Em concreto quero insistir que o Código de Processo Civil não instituiu um sistema de precedentes. Por quê? Porque, para o CPC, os provimentos que devem ser observados estão elencados no art. 927 (...) (a palavra é observarão e não vinculação) (STRECK, 2019, p. 91). grifado

As considerações tecidas ao longo deste tópico aclaram, portanto, que o método de aplicação dos precedentes judiciais utilizado no ordenamento jurídico brasileiro contribui para que se afastem os anseios de tornar o sistema jurisdicional mais seguro e uniforme, uma vez que simplesmente transpõem para o judiciário aquilo que é característico do legislativo, indo além ao determinar que as decisões judiciais emitidas pelo STF e STJ não devem ser interpretadas, mas somente aplicadas pelos órgãos judiciários de base.

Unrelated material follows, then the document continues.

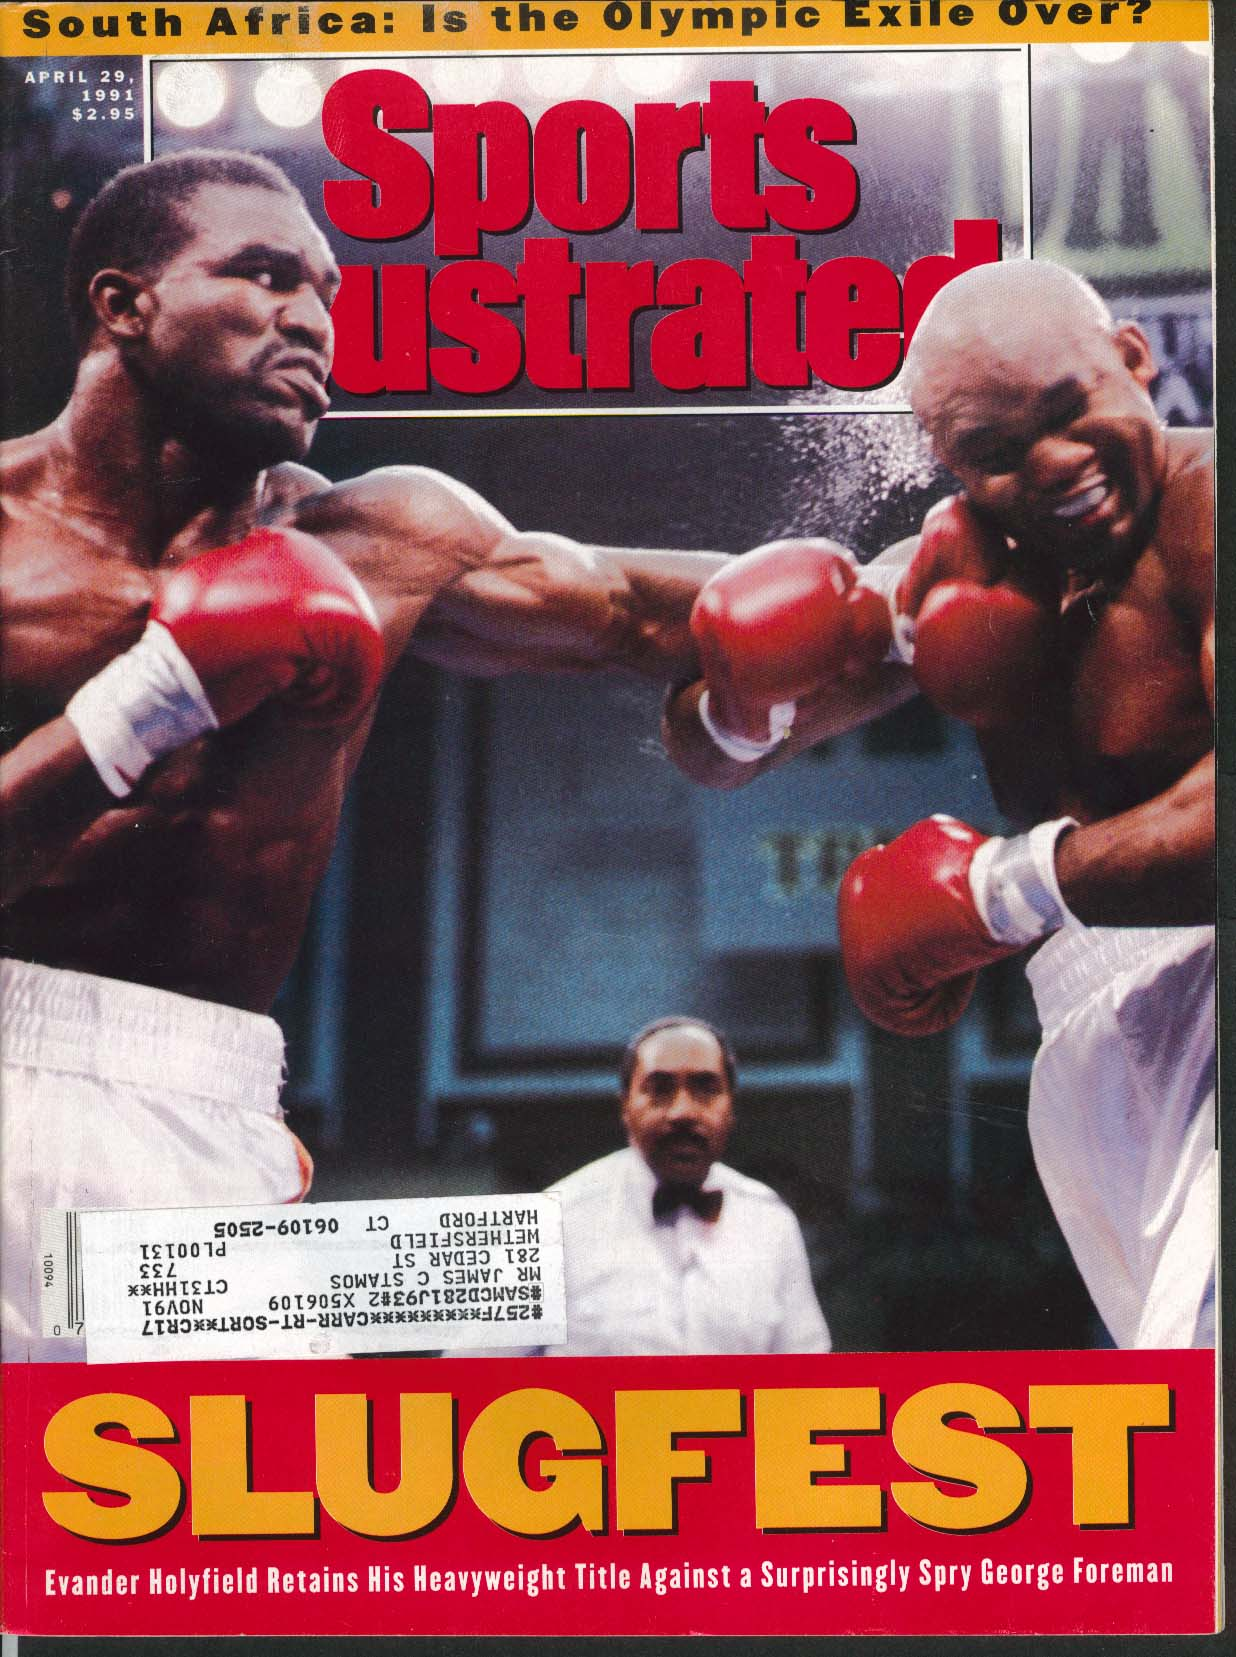 SPORTS ILLUSTRATED Evander Holyfield George Foreman Billie Jean King 4/29 1991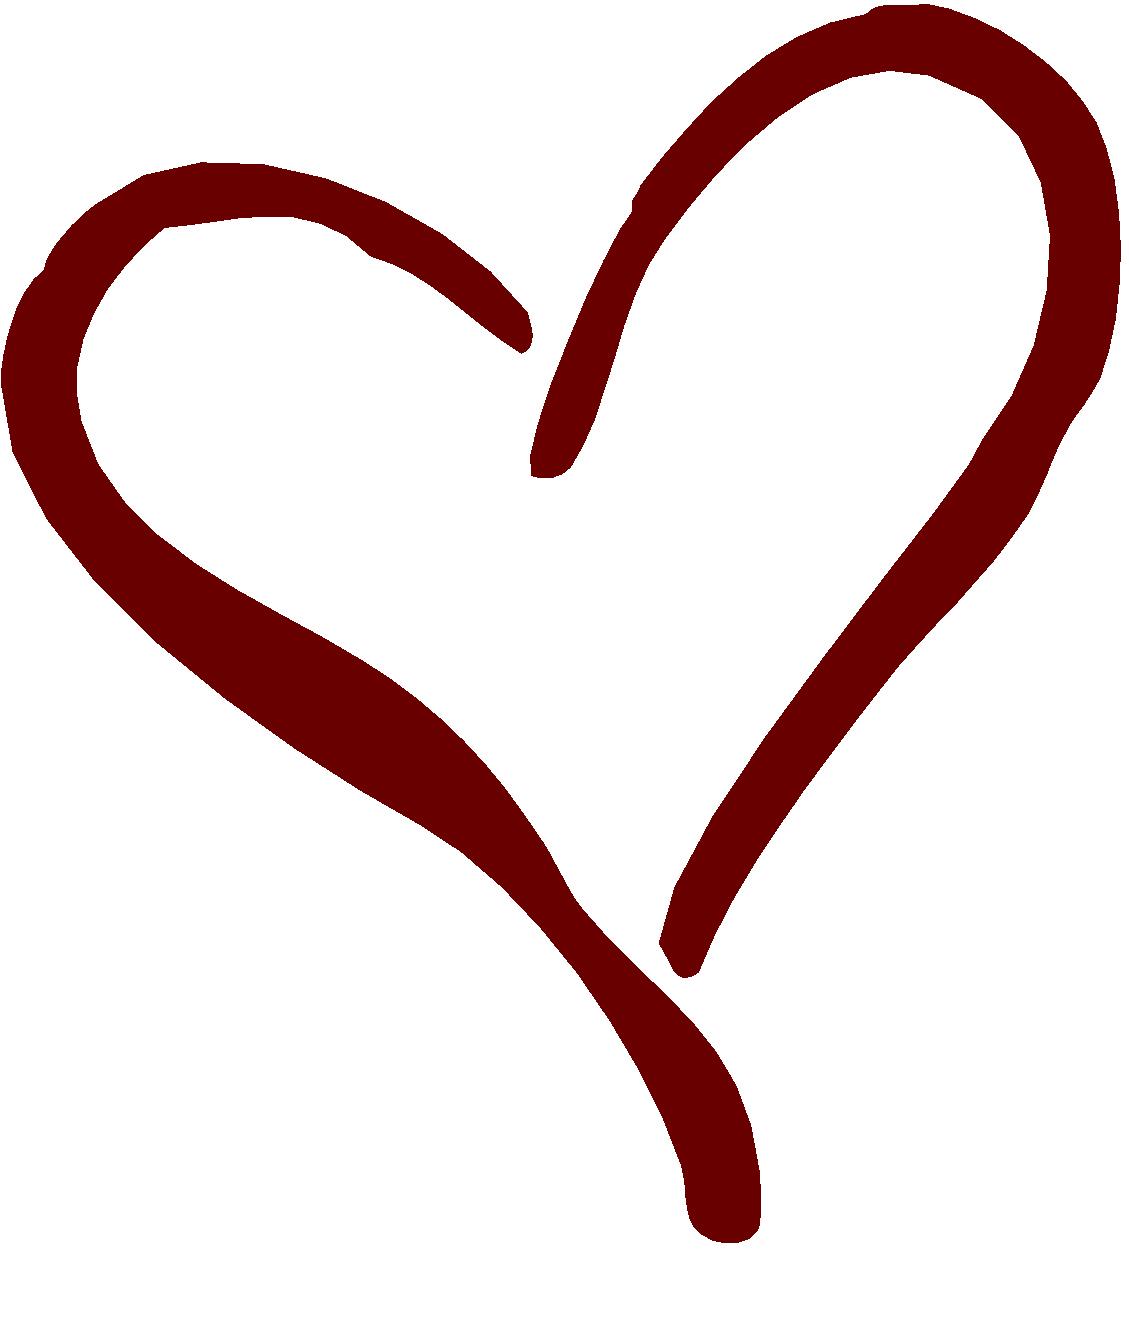 Hearts heart clip art images 5

É retirado, portanto, do sistema jurídico, no que concerne a aplicação dos precedentes judiciais, a sua capacidade interpretativa, tendo em vista que, como analisado, os órgãos dos demais graus de jurisdição somente devem aplicar, por subsunção, os precedentes judiciais, sem que, para tanto, seja realizado qualquer esforço interpretativo no sentido de se admitir que há entre o precedente e o caso concreto um mínimo de similitude.